Copy the data exactly.

───── Material supplied ─────

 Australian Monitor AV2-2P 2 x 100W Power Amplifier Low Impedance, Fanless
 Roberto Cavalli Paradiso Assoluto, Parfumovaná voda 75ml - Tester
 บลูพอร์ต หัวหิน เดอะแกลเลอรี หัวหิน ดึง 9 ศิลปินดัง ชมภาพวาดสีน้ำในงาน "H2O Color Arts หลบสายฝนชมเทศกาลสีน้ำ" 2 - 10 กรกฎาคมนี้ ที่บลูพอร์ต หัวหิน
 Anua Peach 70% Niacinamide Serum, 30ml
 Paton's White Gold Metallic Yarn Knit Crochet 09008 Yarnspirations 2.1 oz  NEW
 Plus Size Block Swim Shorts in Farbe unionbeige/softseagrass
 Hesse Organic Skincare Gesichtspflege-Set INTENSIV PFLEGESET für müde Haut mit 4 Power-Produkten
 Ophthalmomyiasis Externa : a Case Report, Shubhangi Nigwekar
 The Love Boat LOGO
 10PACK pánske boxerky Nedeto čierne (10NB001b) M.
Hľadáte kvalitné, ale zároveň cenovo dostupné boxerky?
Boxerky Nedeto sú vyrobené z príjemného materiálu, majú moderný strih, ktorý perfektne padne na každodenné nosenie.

─────

Output for this exercise:
 Australian Monitor AV2-2P 2 x 100W Power Amplifier Low Impedance, Fanless
 Roberto Cavalli Paradiso Assoluto, Parfumovaná voda 75ml - Tester
 บลูพอร์ต หัวหิน เดอะแกลเลอรี หัวหิน ดึง 9 ศิลปินดัง ชมภาพวาดสีน้ำในงาน "H2O Color Arts หลบสายฝนชมเทศกาลสีน้ำ" 2 - 10 กรกฎาคมนี้ ที่บลูพอร์ต หัวหิน
 Anua Peach 70% Niacinamide Serum, 30ml
 Paton's White Gold Metallic Yarn Knit Crochet 09008 Yarnspirations 2.1 oz  NEW
 Plus Size Block Swim Shorts in Farbe unionbeige/softseagrass
 Hesse Organic Skincare Gesichtspflege-Set INTENSIV PFLEGESET für müde Haut mit 4 Power-Produkten
 Ophthalmomyiasis Externa : a Case Report, Shubhangi Nigwekar
 The Love Boat LOGO
 10PACK pánske boxerky Nedeto čierne (10NB001b) M.
Hľadáte kvalitné, ale zároveň cenovo dostupné boxerky?
Boxerky Nedeto sú vyrobené z príjemného materiálu, majú moderný strih, ktorý perfektne padne na každodenné nosenie.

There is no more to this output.